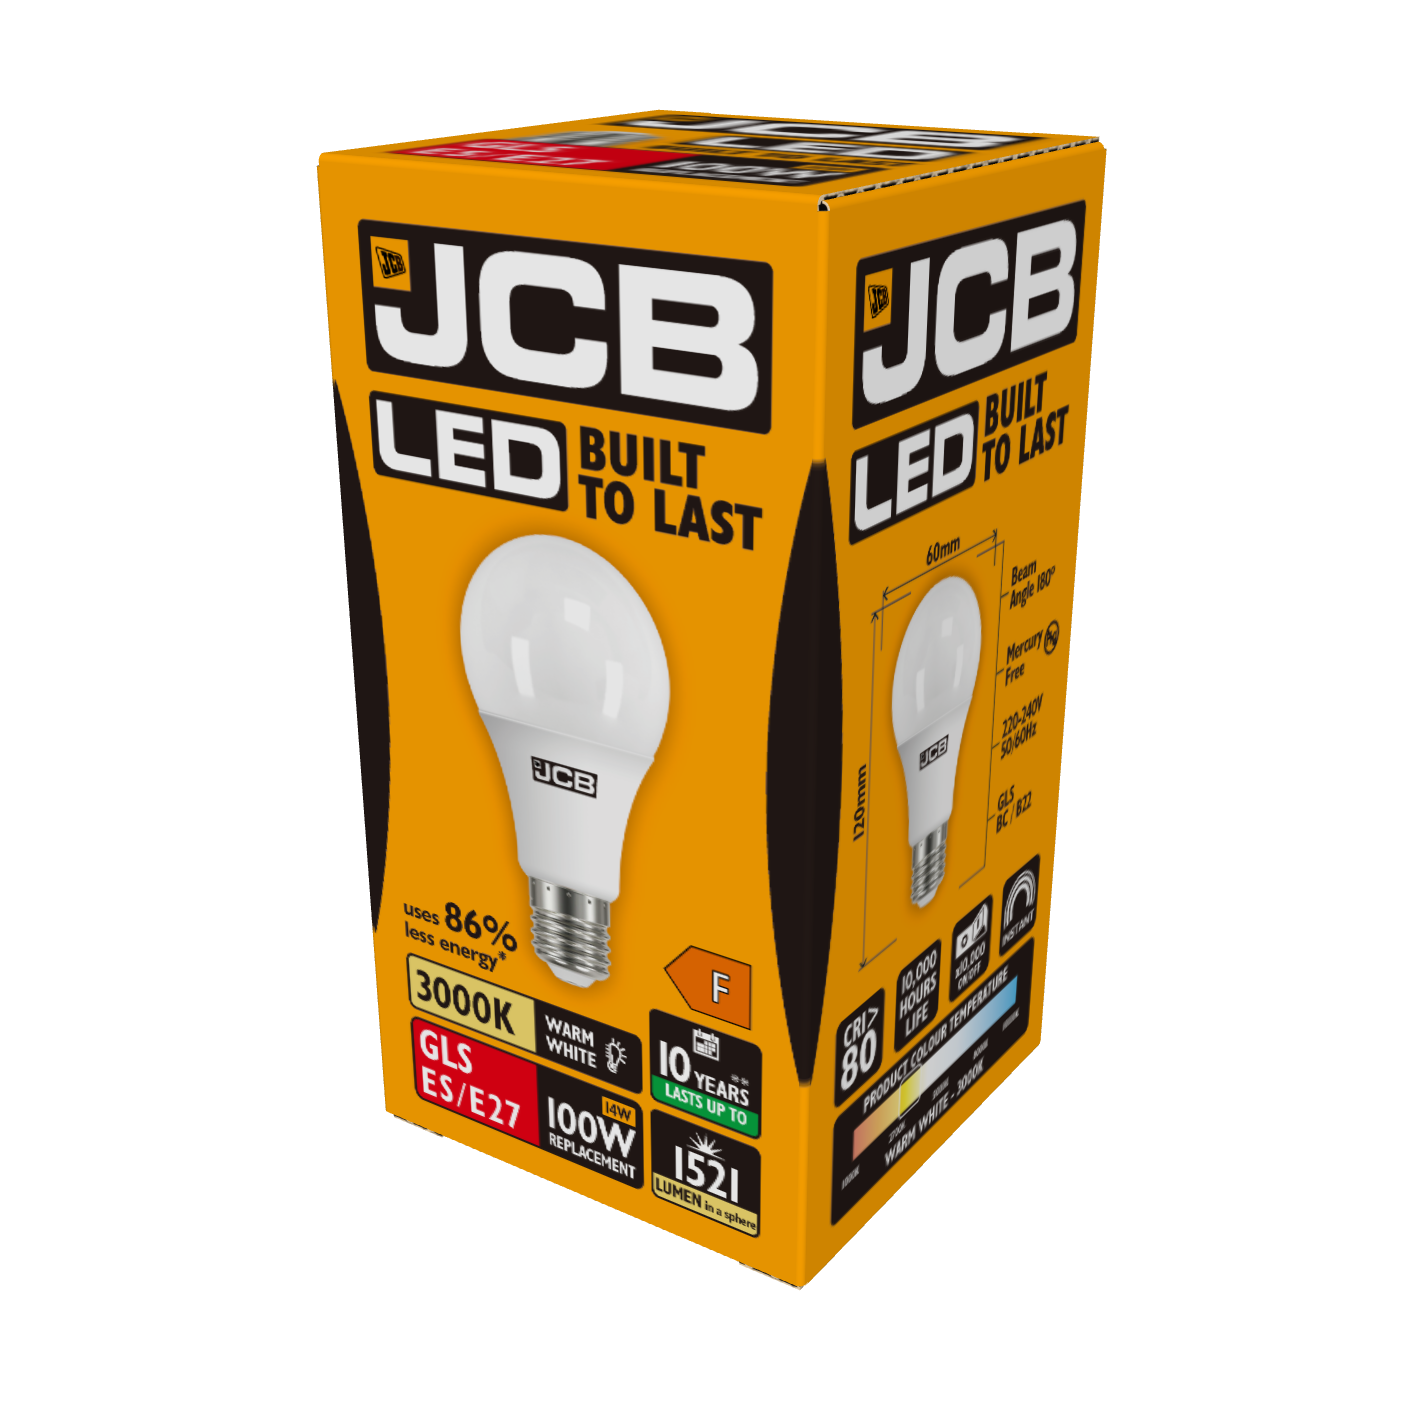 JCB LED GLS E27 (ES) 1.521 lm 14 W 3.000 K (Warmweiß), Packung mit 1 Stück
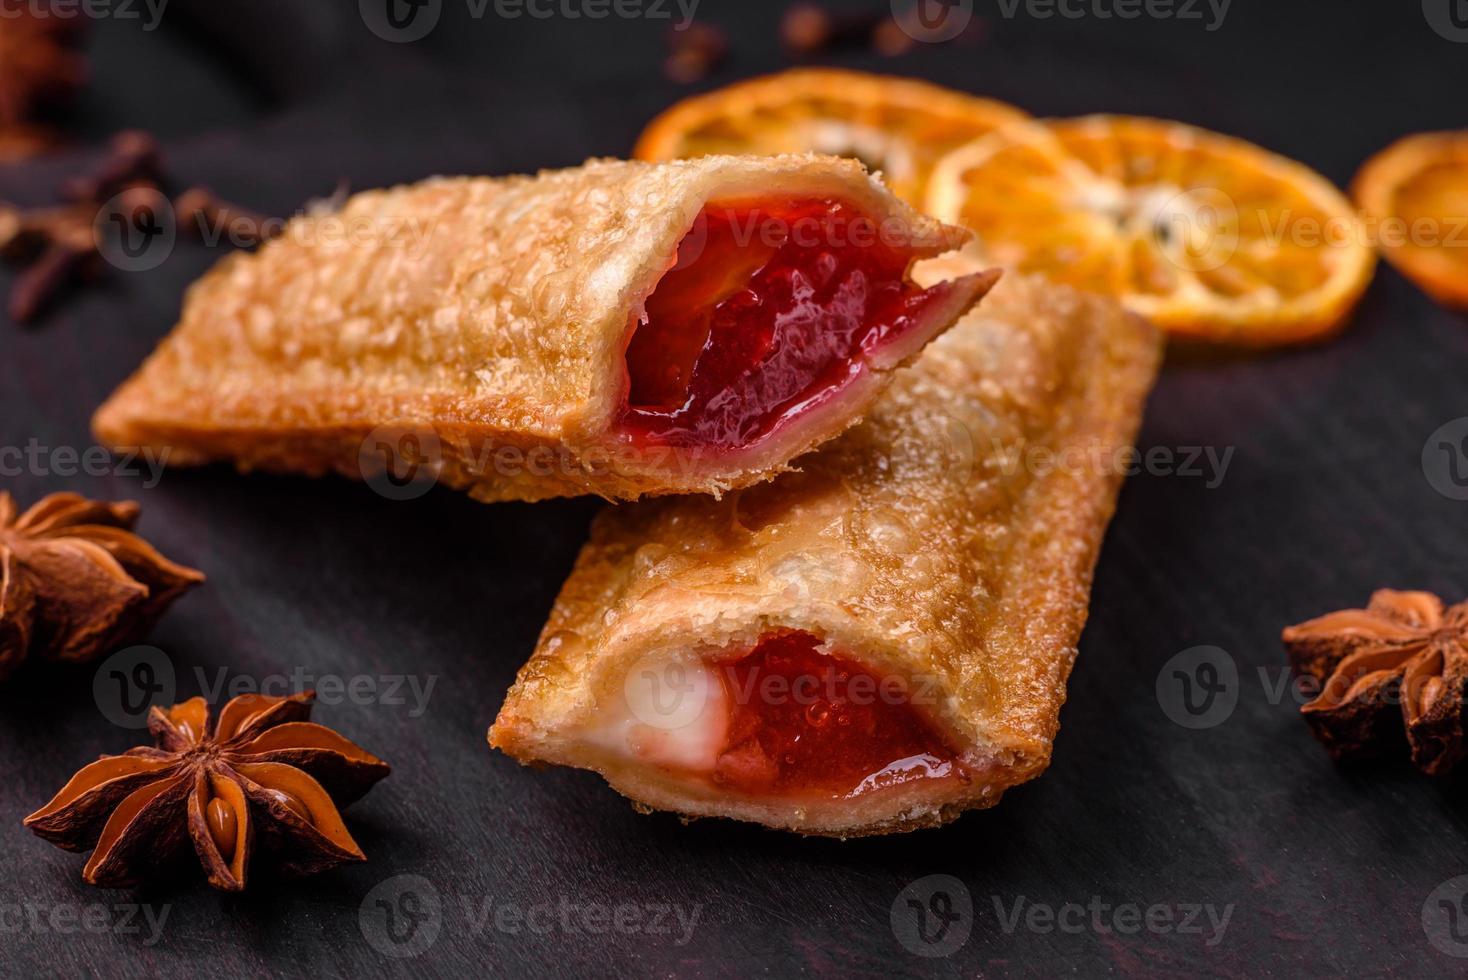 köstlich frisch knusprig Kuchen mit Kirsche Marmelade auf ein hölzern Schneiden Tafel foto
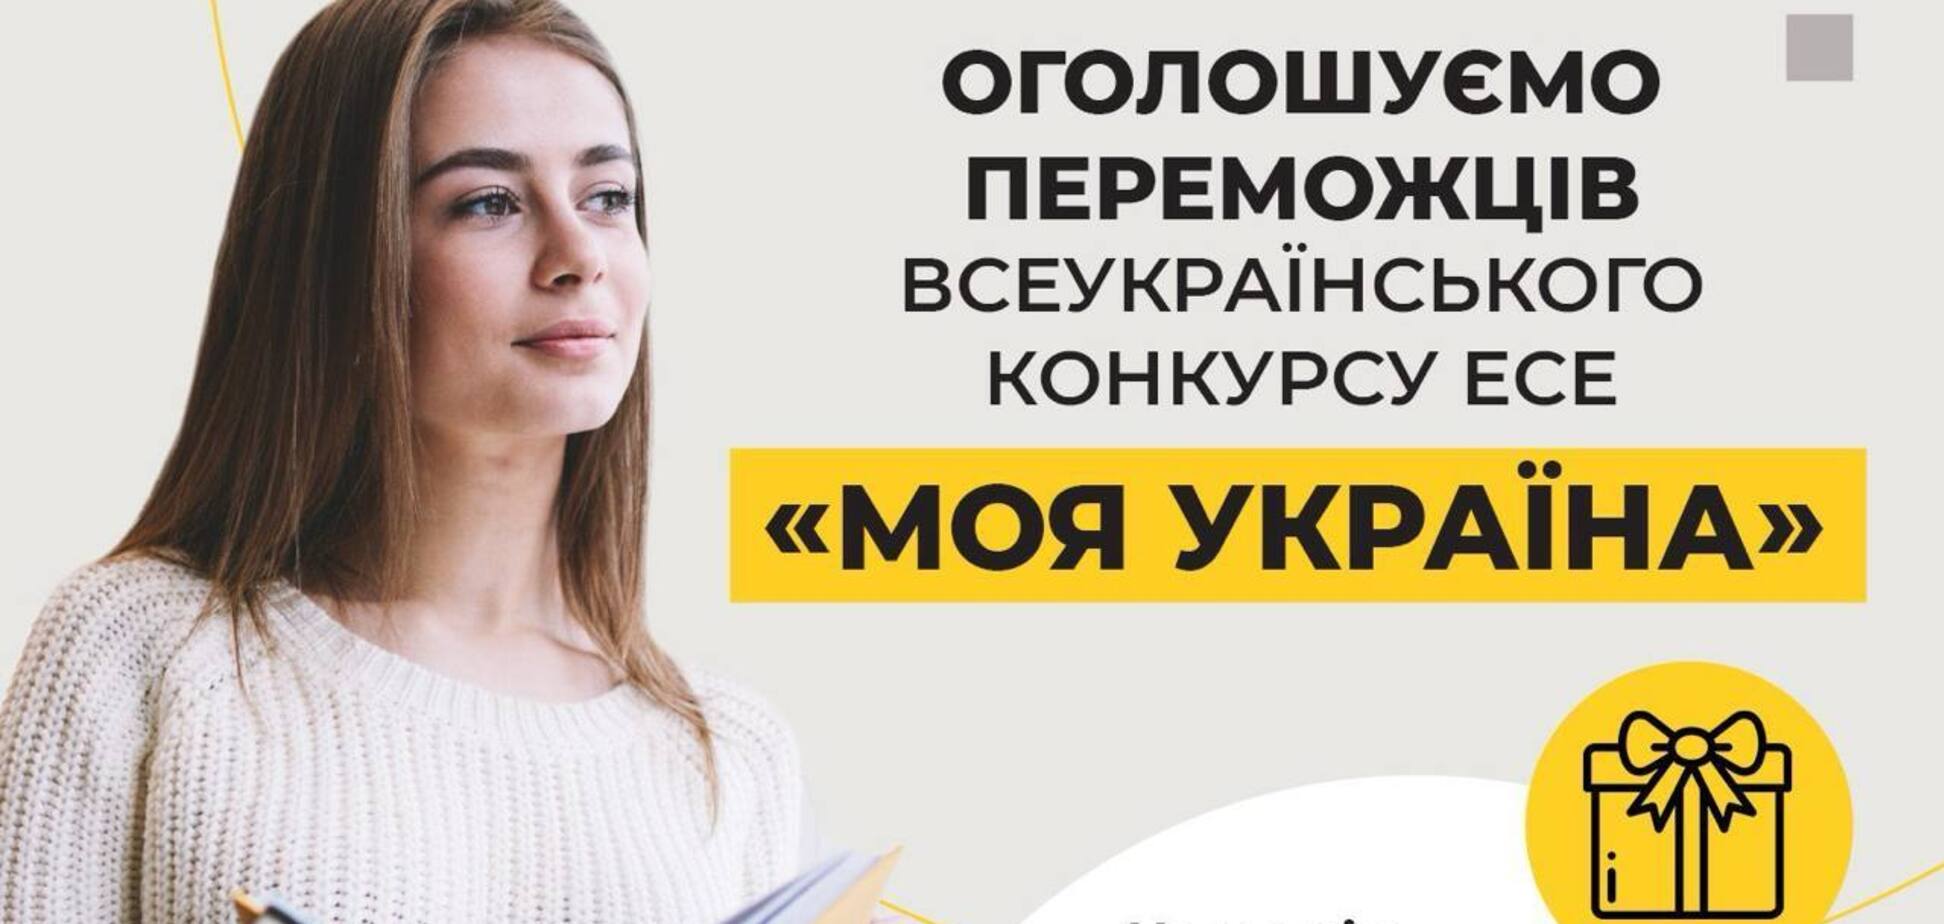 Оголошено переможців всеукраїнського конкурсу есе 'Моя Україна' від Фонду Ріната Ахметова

◆ ◆ ◆ ◆

→ BRIEF
Everything in the data above gets copied exactly. Only the pictures are skipped.

→ RESPONSE FOR THIS EXERCISE
 JCB LED GLS E27 (ES) 1.521 lm 14 W 3.000 K (Warmweiß), Packung mit 1 Stück
 köstlich frisch knusprig Kuchen mit Kirsche Marmelade auf ein hölzern Schneiden Tafel foto
 Оголошено переможців всеукраїнського конкурсу есе 'Моя Україна' від Фонду Ріната Ахметова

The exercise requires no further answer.